It is also within the scope of the present invention to determine faults in a WDP joint or joints by using a device that operates on the outside of the WDP. FIG. 5 shows another example of such a fault locating device 26C. A mandrel 34B, which in the present embodiment may be made from electrically non-conductive, non magnetic material such as glass fiber reinforced plastic, may include a transmitter antenna 28A and receiver antenna 30B which may be longitudinally wound wire coils substantially as explained with reference to FIG. 2. Not shown in FIG. 5 is the circuitry to actuate the transmitter antenna 28B and receiver antenna 30B, which also may be substantially as explained with reference to FIG. 2. The embodiment shown in FIG. 5 may have particular application on or near the floor of a drilling unit, such that as the WDP string is assembled or “made up” and is lowered into the wellbore, the individual joints of WDP will pass through the device shown in FIG. 5 for inspection during the “trip” into the wellbore. The WDP joints may be inspected again as the WDP string is withdrawn from the wellbore. Variations on the device shown in FIG. 5 that include features for changing the longitudinal span (50 in FIG. 2) between the transmitter antenna 28B and the receiver antenna 30B may be also used with the example fault locating device 26C shown in FIG. 5.
Referring to FIG. 6, the manner in which the embodiment shown in FIG. 5 may be used as explained above will be explained in more detail. A string of WDP joints 10 coupled end to end is shown suspended by a top drive 52 (or kelly on drilling units so equipped). The top drive 52 may be raised and lowered by a hook 48 coupled to a hoisting system consisting of drawworks 50, drill line 55, upper sheave 51 and lower sheave 53 of types well known in the art. All the foregoing components are associated with a drilling unit 46. A fault locating device 26 substantially as explained with reference to FIG. 5 may be disposed in a convenient location with respect to the drilling unit 46, such that as the pipe string is moved upwardly or downwardly, the various WDP joints 10 may move through the device 26 for evaluation.
A drill bit 40 is disposed at the lower end of the string of WDP joints 10 and drills a wellbore 42 through subterranean Earth formations 41. The drill bit 40 is rotated by operating the top drive 52 to turn the pipe string, or alternatively by pumping fluid through a drilling motor (not shown) typically located in the pipe string near the drill bit 40. As the drill bit 40 drills formations 41 the pipe string is continuously lowered by operating the drawworks 50 to release the drill line 55. Such operation maintains a selected portion of the weight of the pipe string on the drill bit 40. As the pipe string moves correspondingly, successive ones of the WDP joints 10 move through the interior of the fault locating device 26C. Once inside, the transmitter and receiver antenna may be activated to interrogate the WDP section that is disposed within the fault locating device 26C.

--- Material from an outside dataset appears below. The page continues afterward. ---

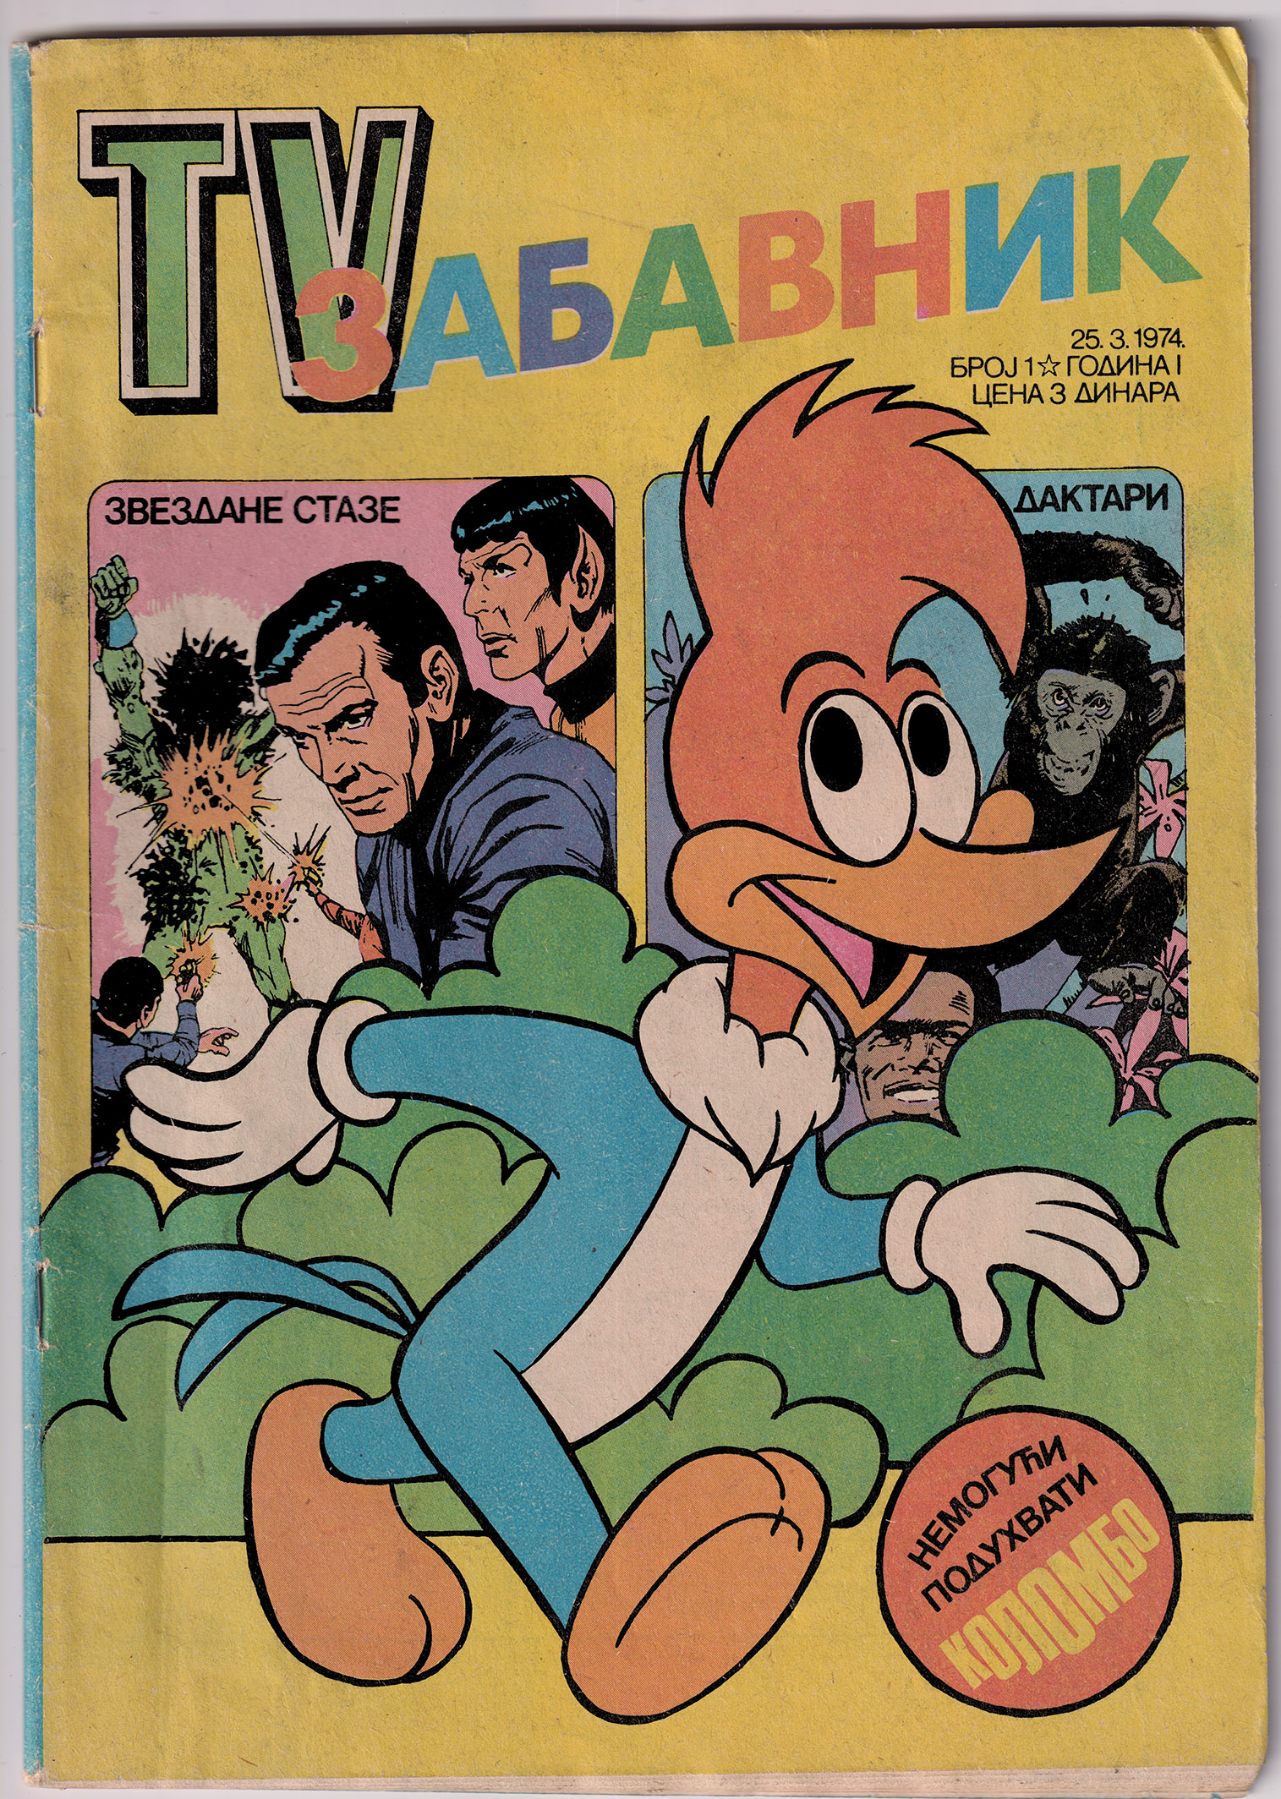 50 godina strip-magazina TV Zabavnik // Dom omladine Beograda //05.02.

The evaluation may continue as the pipe string is withdrawn from the wellbore 42. Circuitry such as explained with reference to FIG. 2 may be disposed in a recording unit 54, which may include other systems (not shown) for recording an interpretation of measurements made by the fault locating device 26.
During drilling operations as shown in FIG. 6, if the WDP telemetry fails, in one example, a device such as shown in FIG. 2 may be lowered inside the pipe string at the end of an electrical cable, substantially as explained with reference to FIGS. 1 and 2. By using a device as shown in FIG. 2 and as explained above inside the pipe string while it is suspended in the wellbore 42, it may be possible to locate the particular WDP joint 10 where the fault is located. Such location may eliminate the need to remove the entire pipe string from the wellbore 42 and test each WDP joint 10 individually. Alternatively, the fault locating device 26 shown in FIG. 6 may be used while withdrawing the pipe string from the wellbore 42 until the failed WDP joint 10 is located.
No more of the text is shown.